Must we always take sides?
November 16, 2009 at 8:27 am | In environment, politics, reflections | Leave a CommentTags: elie wiesel, moderate bias, Poniewozik, quote, robert linder, Time Magazine

I enjoyed James Poniewozik’s interesting piece, “Polarized News? The Media’s Moderate Bias” in Time last week. Though I’ve been aware of what Poniewozik calls “moderate bias” for years, it really hit home just last year when I studied global climate change and the media in my Creation, New Creation, and Ecology course at Columbia Seminary.
Turns out, the same folks used by the tobacco company’s in the 80s and 90s to suggest smoking wasn’t bad for you have been hired by big oil to suggest global climate change isn’t occurring. The moderate media has to / loves to cover two sides of a story, so even if international scientistic bodies publish reports on the ill effects of climate change, and there’s a tiny minority of scientists (or talking heads) questioning their findings, the news story can often become a simple: scientists disagree on climate change.
Poniewozik also mentions “status quo bias.”
Moderate bias also grows from a related phenomenon: status-quo bias. Journalists, like anyone, have a built-in bias toward believing that what was true yesterday will be true tomorrow. Establishment news outlets grow cozy and comfortable with other establishments. One reason some journalists insufficiently questioned the run-up to the Iraq war and underestimated the housing bubble was that they listened to their usual, credentialed sources — and the history of the past decade is the history of the experts being wrong.
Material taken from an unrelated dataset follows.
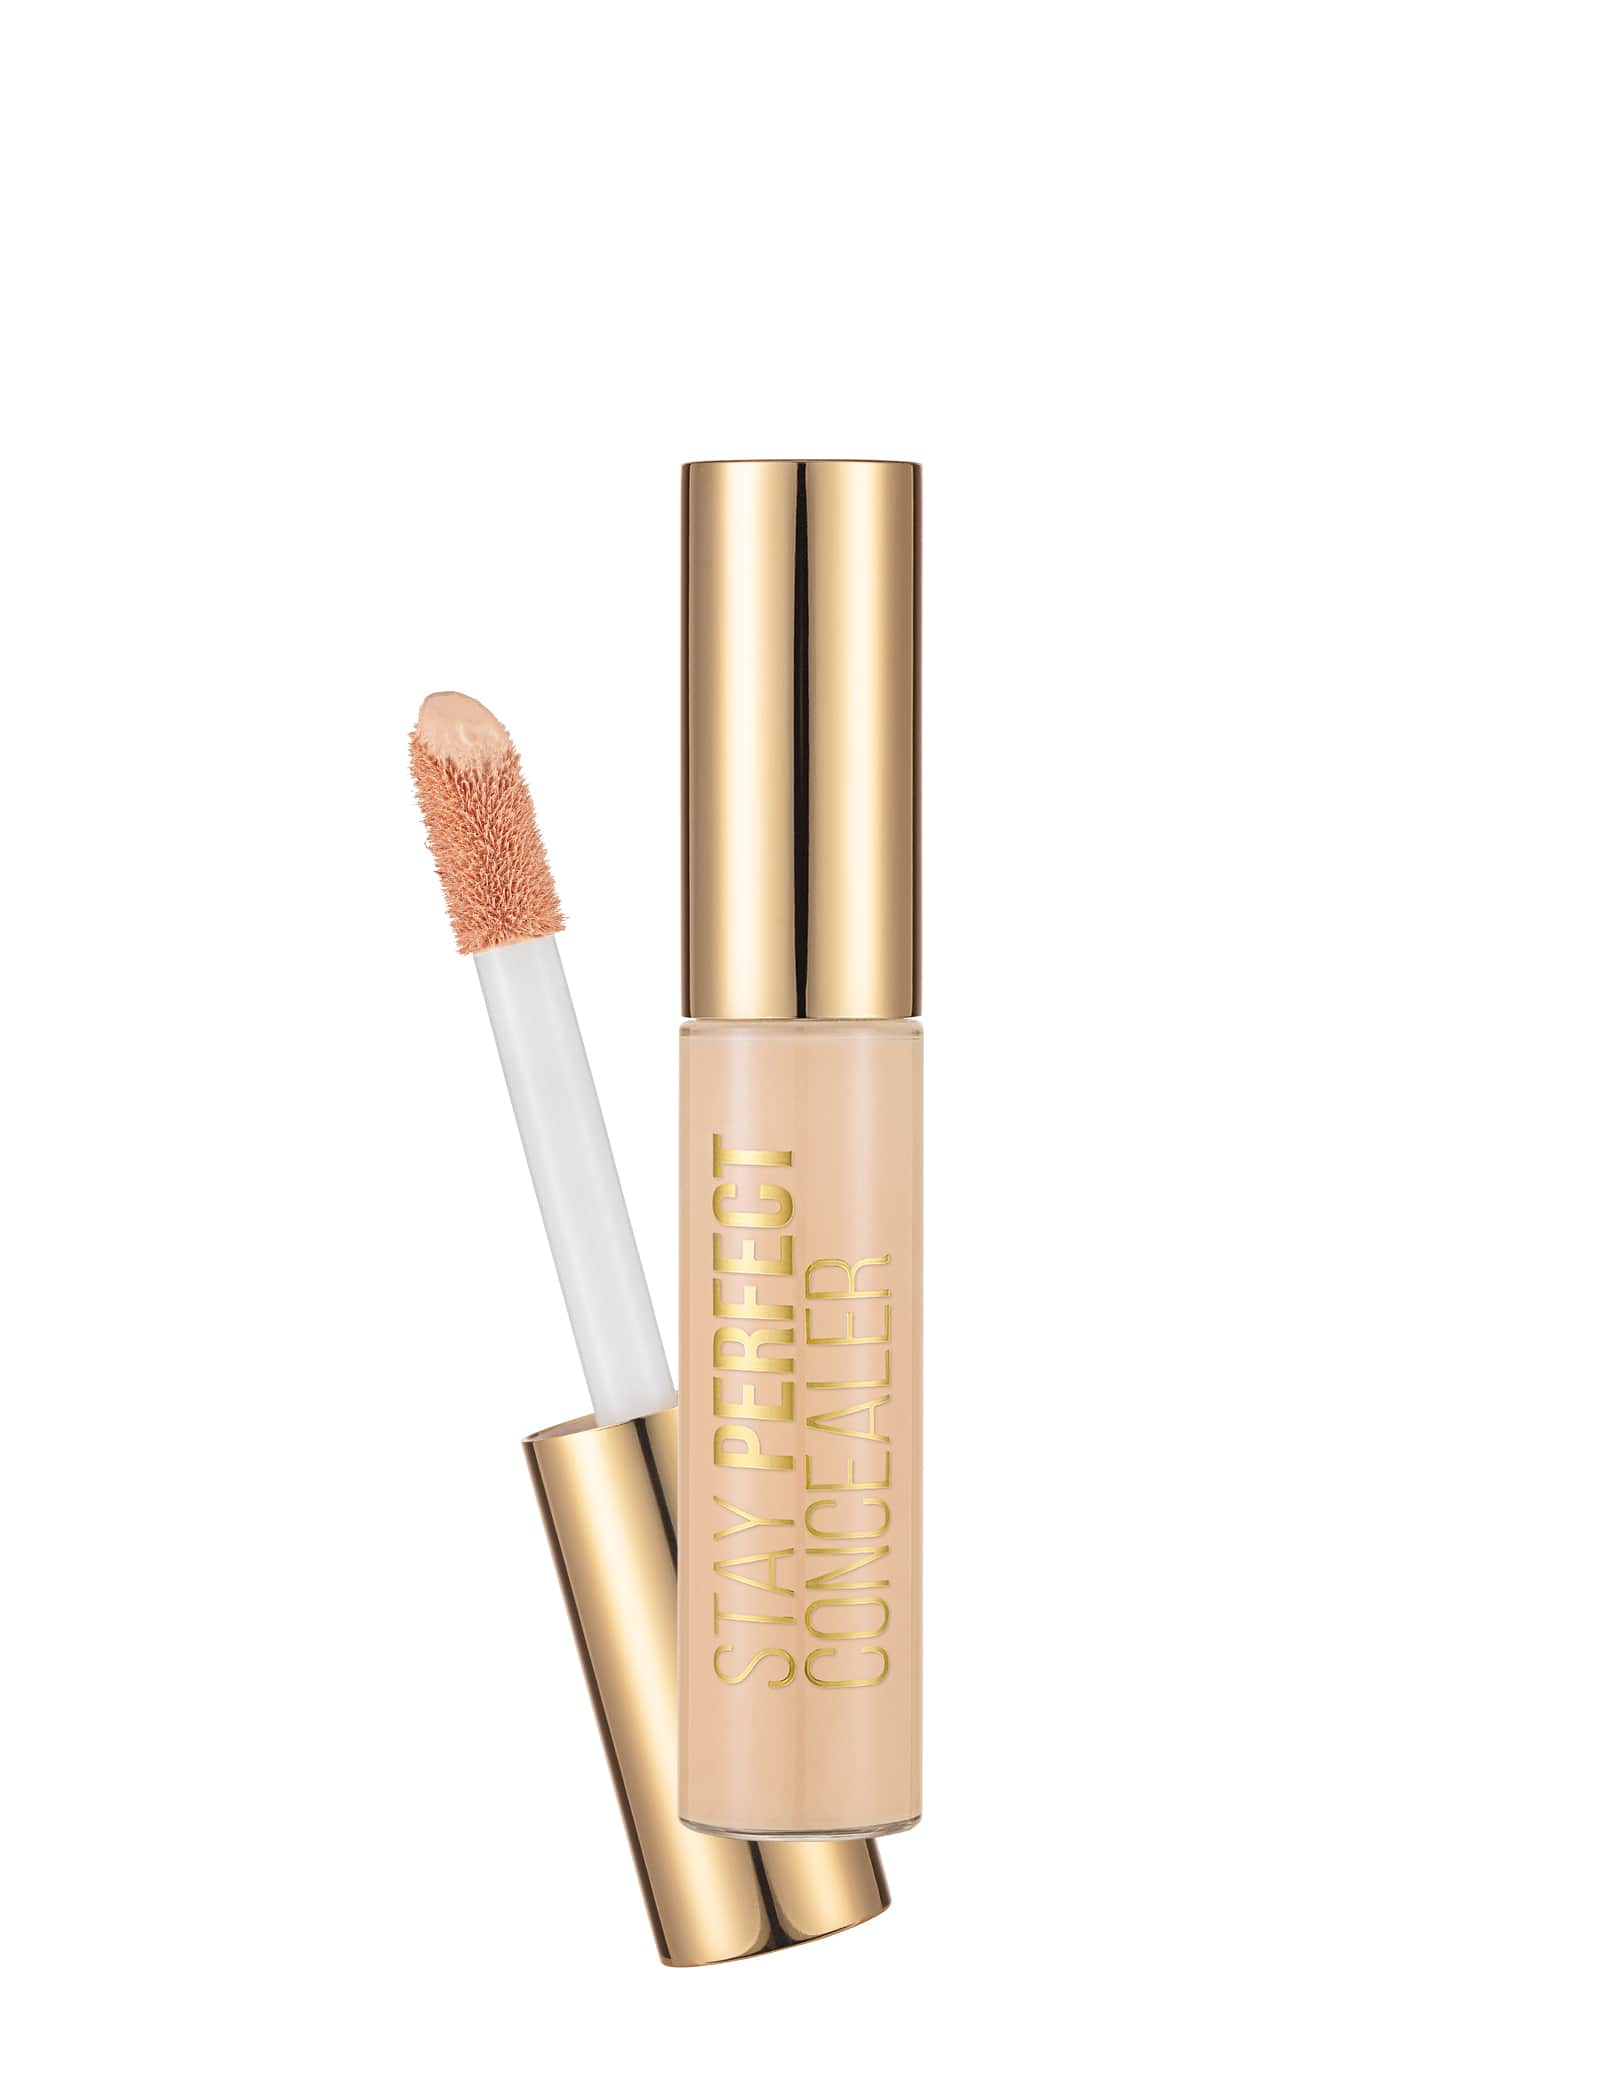 Stay Perfect Concealer 004 Ivory

Anyways, that’s just something to think on because moderate bias affects us all, and a whole lot. It’s probably not always bad, but I do wonder how we’d read the Bible without moderate bias or status quo bias. Or, further, how we’d love our neighbor.
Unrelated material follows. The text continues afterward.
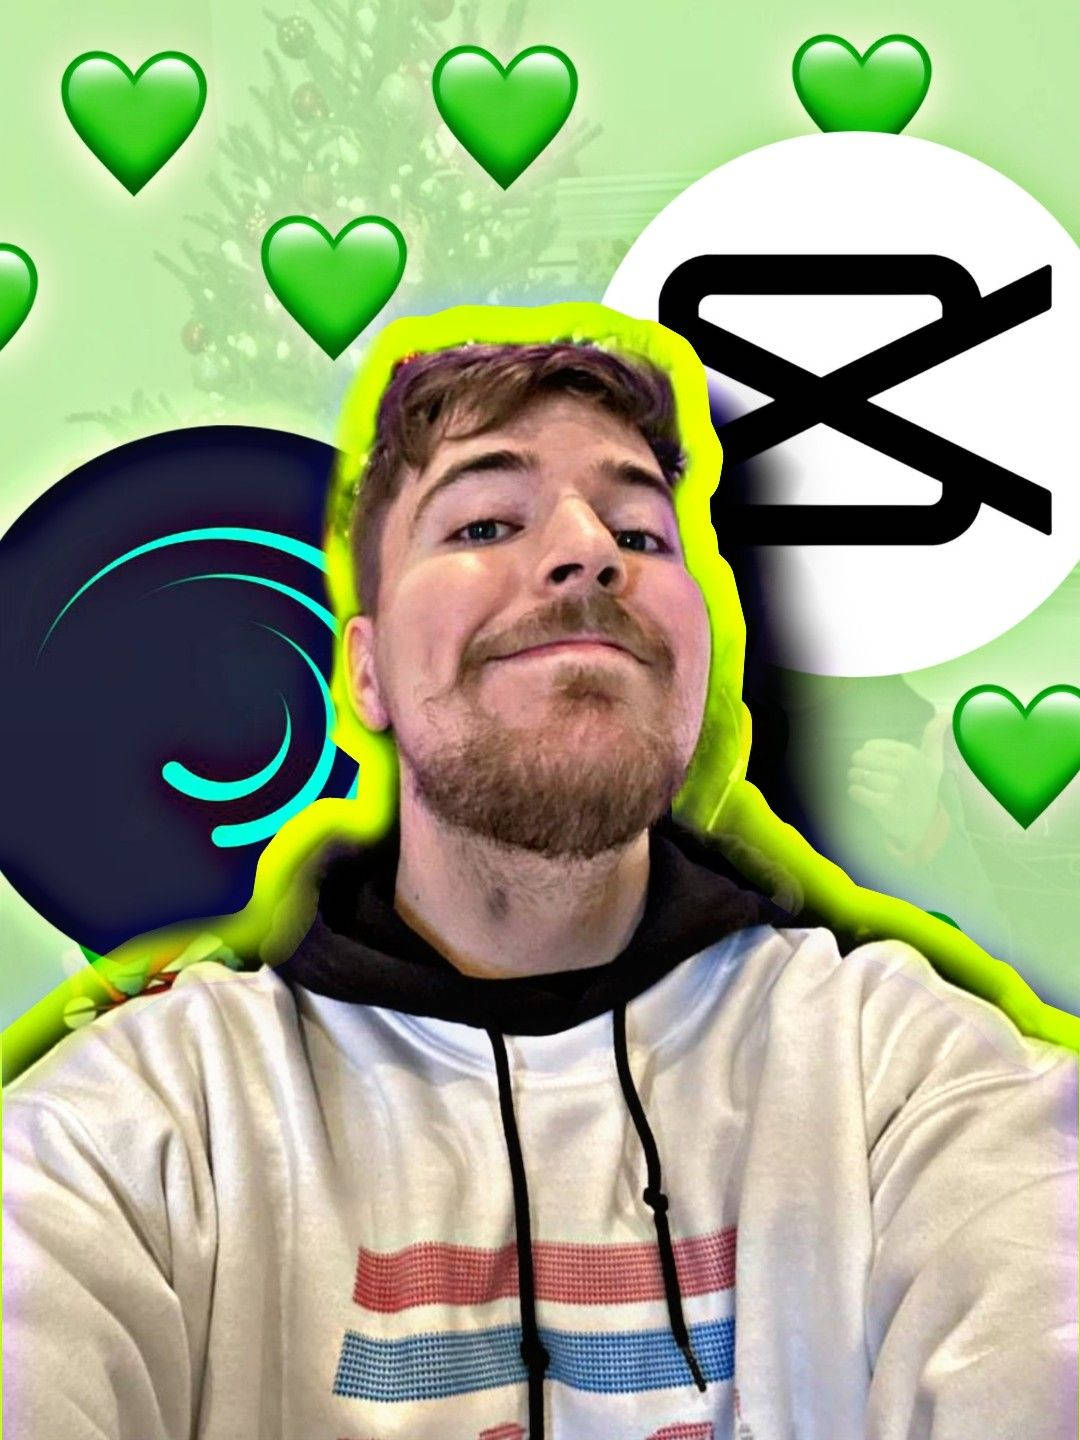 Mr Beast In Aesthetic Green Bacground Wallpaper

Then again, I usually take Elie Wiesel’s perspective pretty seriously and he doesn’t mince words about taking sides:
I swear never to be silent whenever and wherever human lives endure suffering and humiliation. We must always take sides. Neutrality helps the oppressor, never the victim. Silence encourage the tormenter, never the tormented. Sometimes we must interfere when human life are endangered. When human dignity is in jeopardy, that place, at that moment, must become the center of the universe.
Too tough? I don’t know. With Wiesel’s holocaust experience as background it’s hard to call for folks to back off from taking sides. But one also doesn’t want to polarize unnecessarily. Hmm, I guess the point is to take Poniewozik’s basic perspective and always watch for bias since even moderate bias is sinister enough.